I used to be so annoyed by these sorts of threads, but now I smile every time I see one, because bump is right. This level of snarkiness might play on Metafilter, but in the eyes of the voting public, it makes the Democrats look unbelievably petty. You see, unlike those here ideologically blinded enough to rationalize these teleprompter misreadings as supposed proof that their enemy is a moron, the public in general knows better. They know that they make such silly little mistakes every day themselves. They know that those of you attacking Bush for these mistakes every single day, also make the same mistakes every single day. They see through it. They see through you. Combine that with the fact that they overwhelmingly think Bush has done an amazing job in a wartime situation, and they end up feeling nothing but disgust towards liberals for trying to bring him down in such a pathetic fashion.

Please, by all means, highlight every single one of Bush's verbal gaffes! Keep it up, I beg of you!
posted by aaron at 9:32 PM on February 21, 2002


"...they end up feeling nothing but disgust towards liberals for trying to bring him down in such a pathetic fashion"

Ah, the "L" word. Good to see you in this thread, aaron.

I'd hardly be considered a "liberal" anywhere but here in Utah, but I stand by my assertion that Dubya is a simpleton and deserves to be called out on it at every possible opportunity. I voted against him (wasting my vote in overwhelmingly [R] Utah) not because of his platform, but because he's a mental midget when it comes to the English language. I refuse to believe that someone with such a profound disregard for his mother tongue deserves to occupy the White House. I want my highest elected representative to be able to communicate clearly and logically, and this man is woefully ill-equipped to do so.
posted by mr_crash_davis at 9:43 PM on February 21, 2002


Oh aaron. Don't be silly.

The idea that we shouldn't hold the President of the United states up to slightly higher standards than we'd apply to a dirt farmer from BumTickle, Wyoming (apologies to all the MeFite residents of BumTickle, and the proud profession of dirt-farming) is one of the things that has contributed to the decline of your once (justifiably) proud nation in recent times.

And "Bush has done an amazing job in a wartime situation". Tee hee. Compared to who?
posted by stavrosthewonderchicken at 9:44 PM on February 21, 2002


The guy should just switch to spanish and be done with it. It impresses everyone and he can excuse any gaffe because, hey its spanish.
posted by skallas at 9:45 PM on February 21, 2002


My impression is that Bush spoke extremely well in the days following the 9/11 attack. Certainly when I heard him, he was not stammering, confused, or gaffing.

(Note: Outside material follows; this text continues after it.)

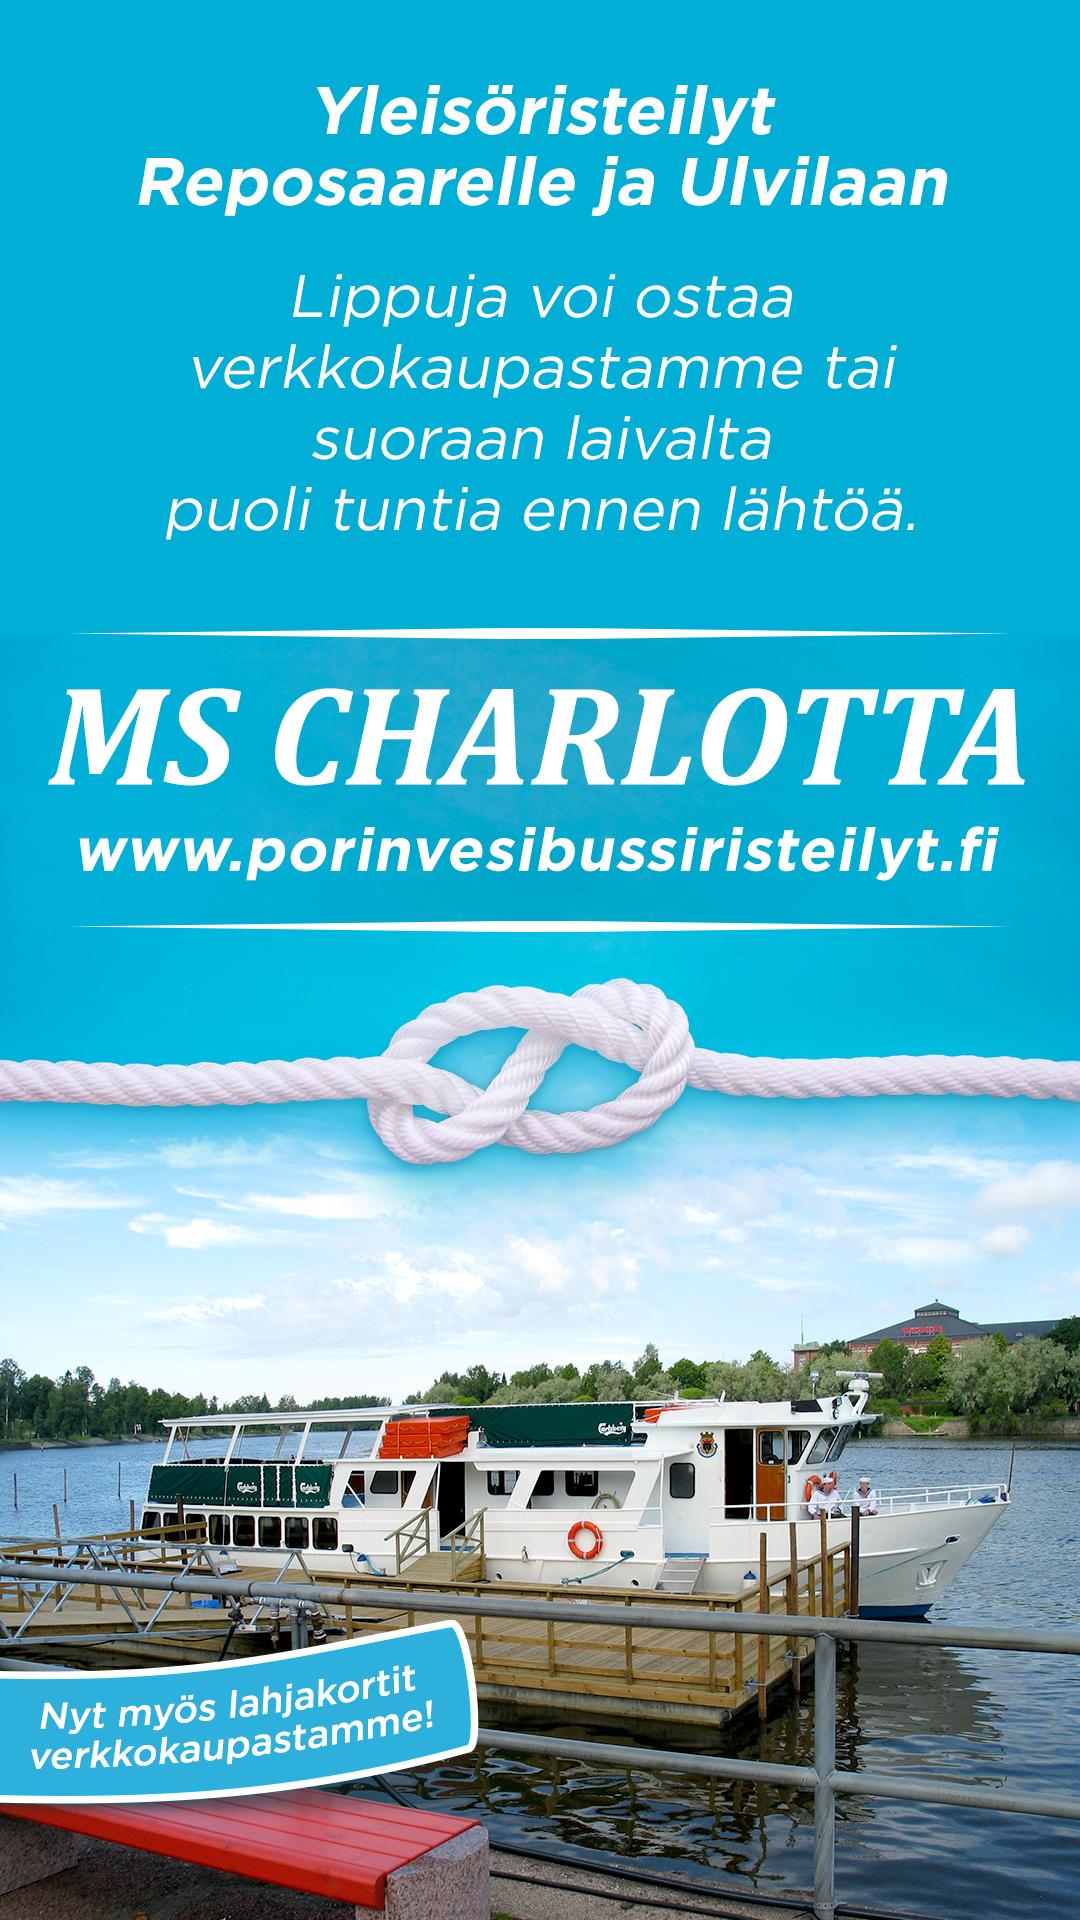 Yleisöristeily Porista Ulvilaan ke 3.7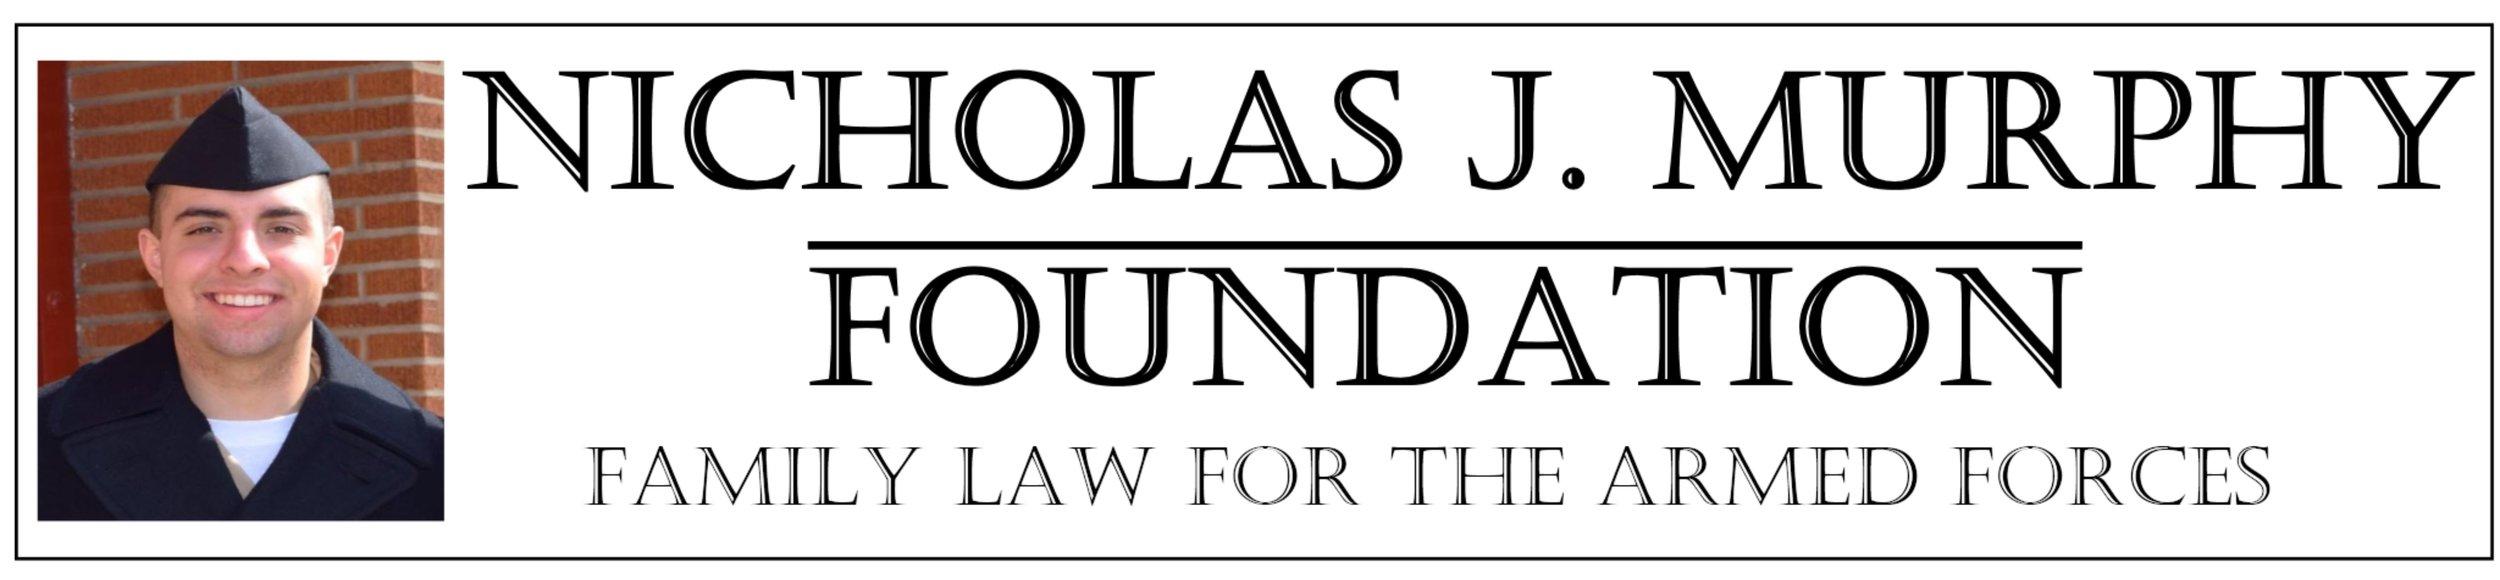 Nick Murphy Foundation logo revised 070518 family law.jpeg

Quite a sharp contrast to his earlier speeches and press conferences, I thought.

My suspicion is that a lot of it is an act: by playing the role of a buffoon, he will be underestimated. This gives him an advantage over his opponents.

But, hey, I'm also open to the suggetion that he is, indeed, a buffoon, and that if he managed to string two sentences together without fumbling, it was only through the best of luck, not skill...

(that last sentence was brought to you by run-on sentences R us)
posted by five fresh fish at 9:45 PM on February 21, 2002


Recently read: Whenever a Bush goes to Japan, something horrible comes out of his mouth.
posted by crunchland at 9:46 PM on February 21, 2002


Guys, you've got it all wrong. Bush meant to say that. This was all just a plant by the Ministry of Truth, err...the Office of Political Influence
posted by dogmatic at 9:52 PM on February 21, 2002


Eternal vigilance, my friends, eternal vigilance.
posted by stavrosthewonderchicken at 9:54 PM on February 21, 2002


"I used to be so annoyed by these sorts of threads, but now I smile every time I see one, because bump is right. This level of snarkiness might play on Metafilter, but in the eyes of the voting public, it makes the Democrats look unbelievably petty."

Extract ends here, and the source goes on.